The sequel, "Hellboy II: The Golden Army," which opened Friday, was no less challenging for the Mazatlan, Mexico-born Elizalde, who now operates his own creature design studio, Spectral Motion, in Glendale with his wife, Mary.
"In the first movie, we ended up building five different characters, and in this we actually created 15 characters," says Elizalde, 47, whose credits also include "X-Men: The Last Stand" and both of the "Fantastic Four" films. "It is by far the most ambitious thing that we've done."
How to make a monster: The ideas for the creatures featured in "Hellboy II" originated with Del Toro. "Guillermo has these beautiful leather-bound notebooks that he carries around with him, and he inscribes all his notes and does all these drawings in the books," Elizalde says. "It's our job to take his drawing and produce an illustration that will give not only the aesthetic that he's looking for but also a mechanically sound rendering that will translate into the real world design."

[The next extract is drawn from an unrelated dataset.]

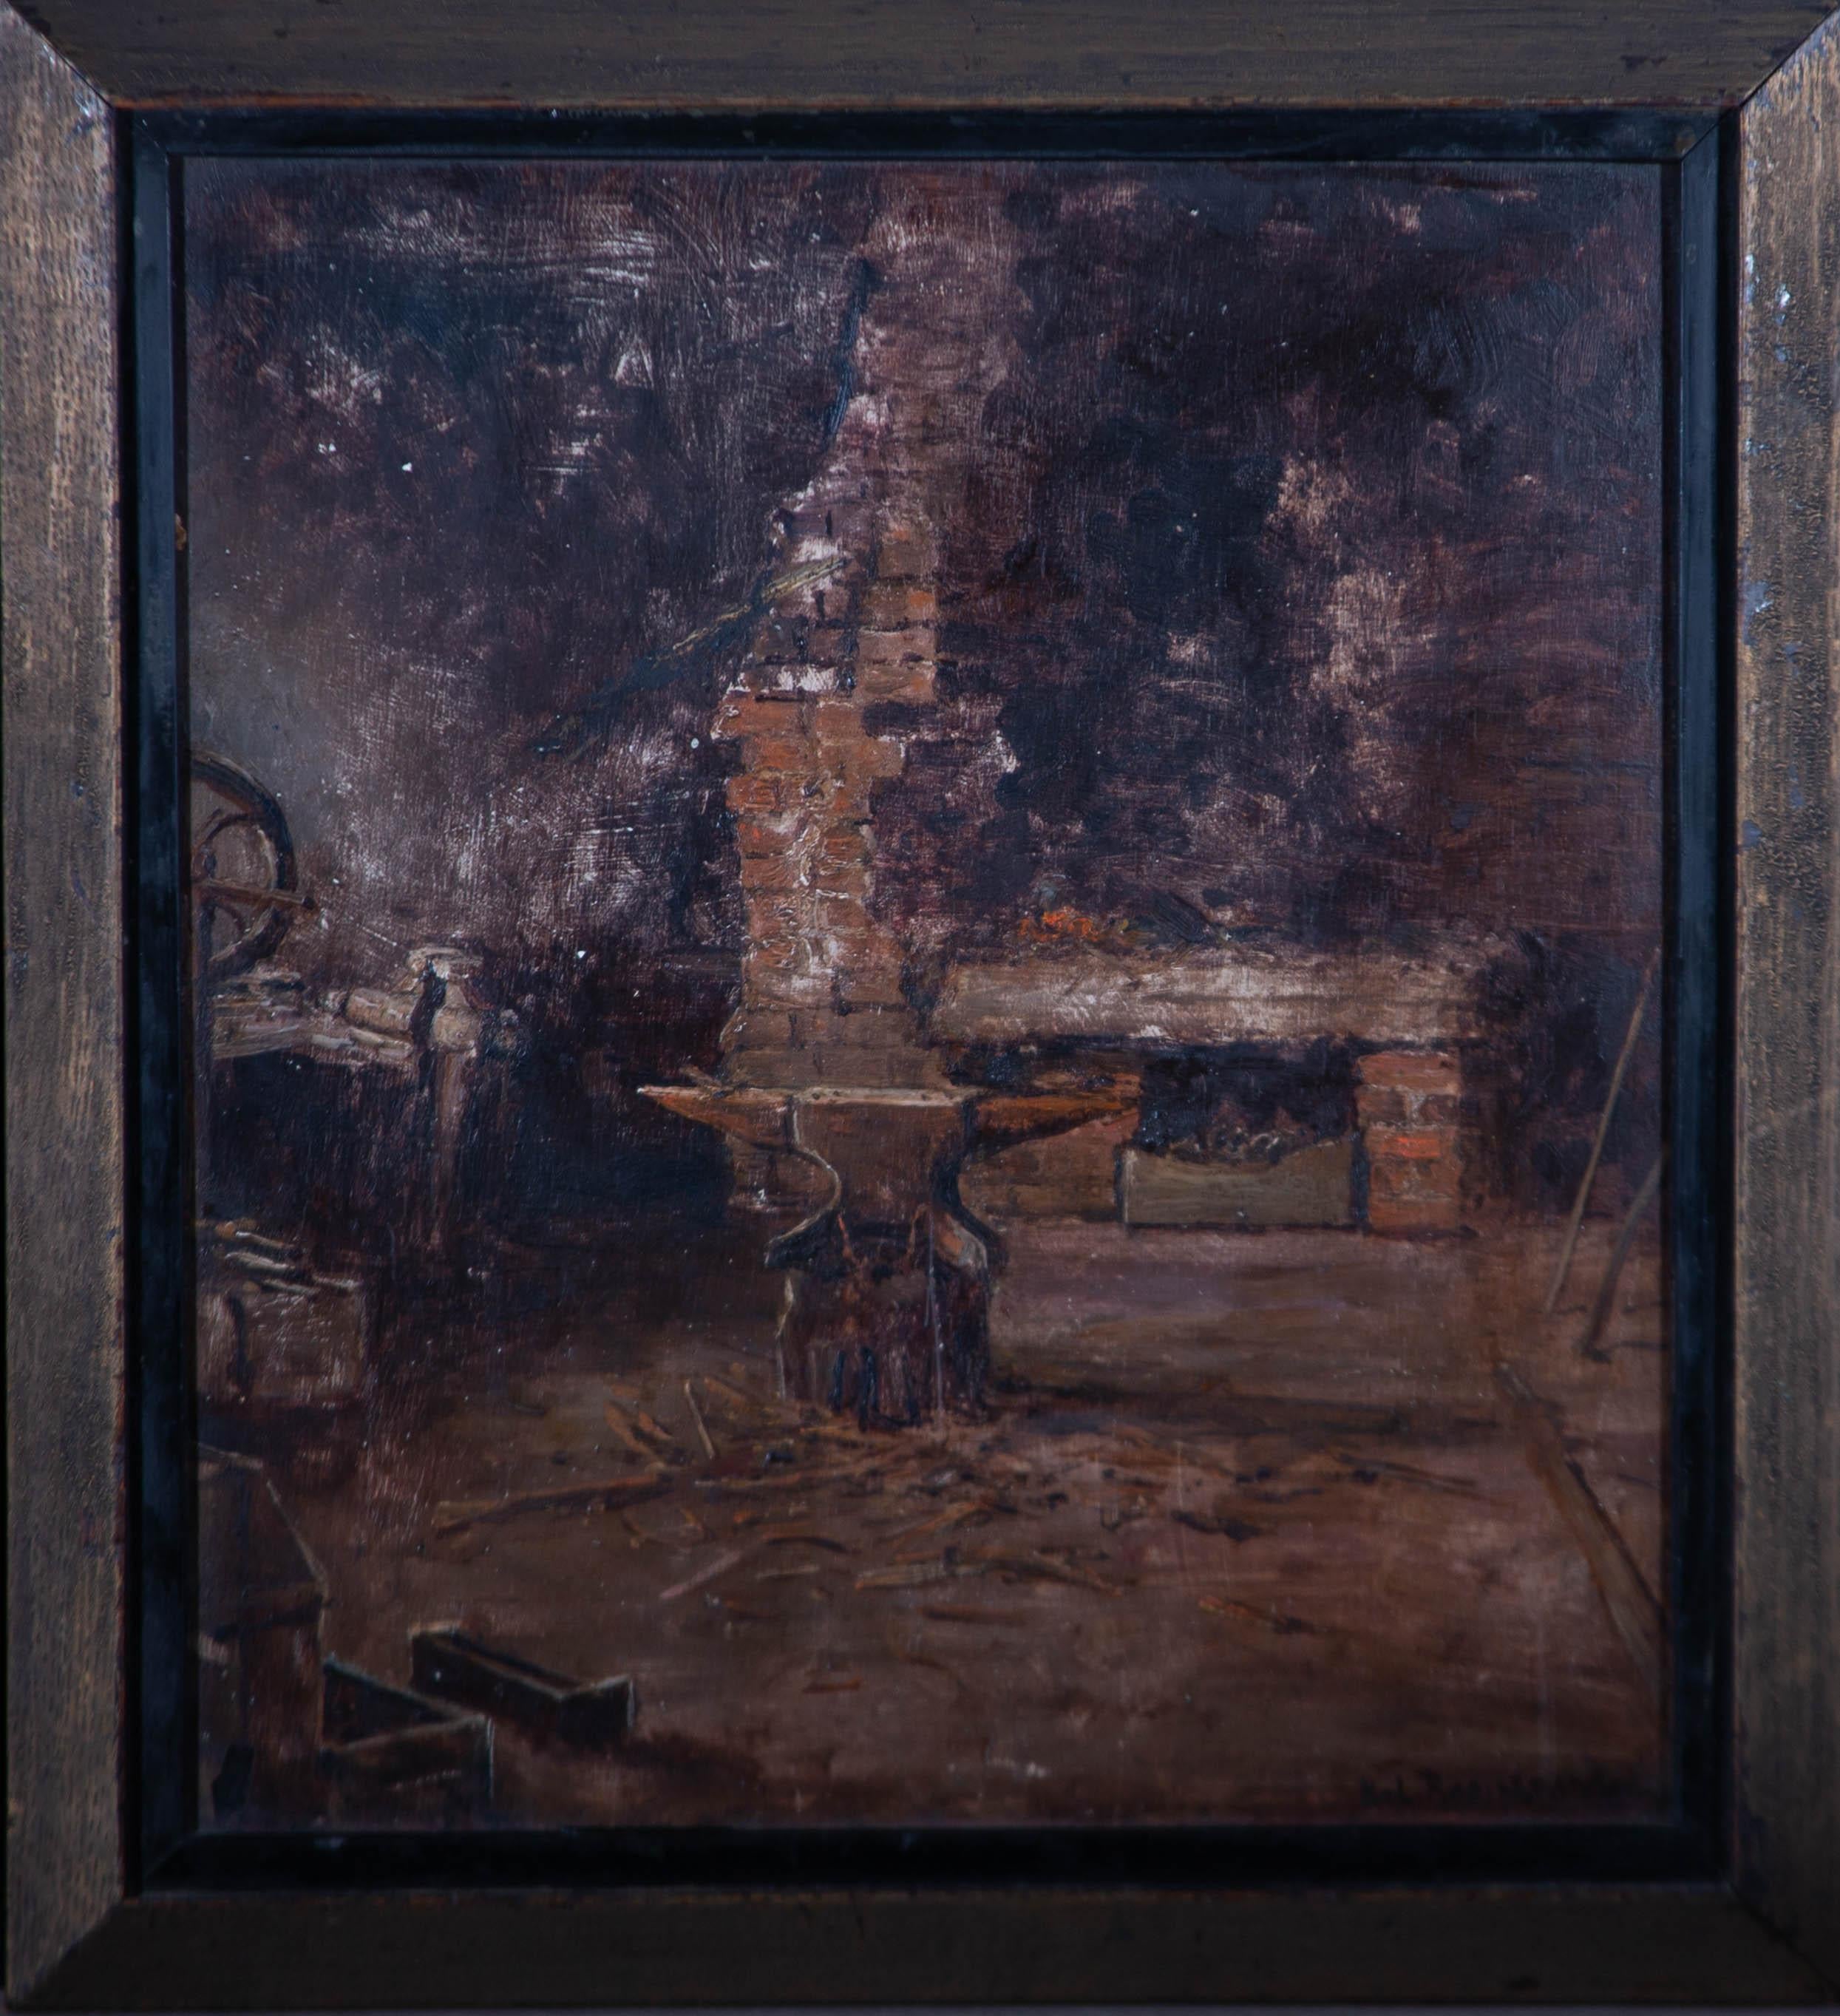 Une scène d'intérieur à l'huile inhabituellement stylisée montrant une forge rustique à Weeton, dans le Yorkshire. L'artiste a obtenu l'éclairage naturaliste d'une pièce éclairée par la lumière du jour provenant d'une fenêtre invisible et la lueur

A knowing wink: To create one of the new creatures, Mr. Wink, which looks a little like a ticked-off rhinoceros, Elizalde spent about six months developing and building a suit, which in the end stood nearly 8 feet tall and weighed about 130 pounds -- and that's without actor Brian Steele inside it.
"We always look to nature in creating our creatures, to bridge the gap between what you can believe and what you can't," Elizalde says, adding that extensive research was done on real-life pachyderms to develop Wink's thick skin. "You don't want to just make it look like an elephant skin, because then it sort of just becomes that. We always try to bring a new look that borrows elements of all the creatures that have a similar sort of appearance and then translate that into a new physiognomy."
The eyes have it: While Elizalde maintains that he has no favorites among his new creatures, he is quite taken with the creepy seraph called the Angel of Death, which was built to some fairly detailed specifications.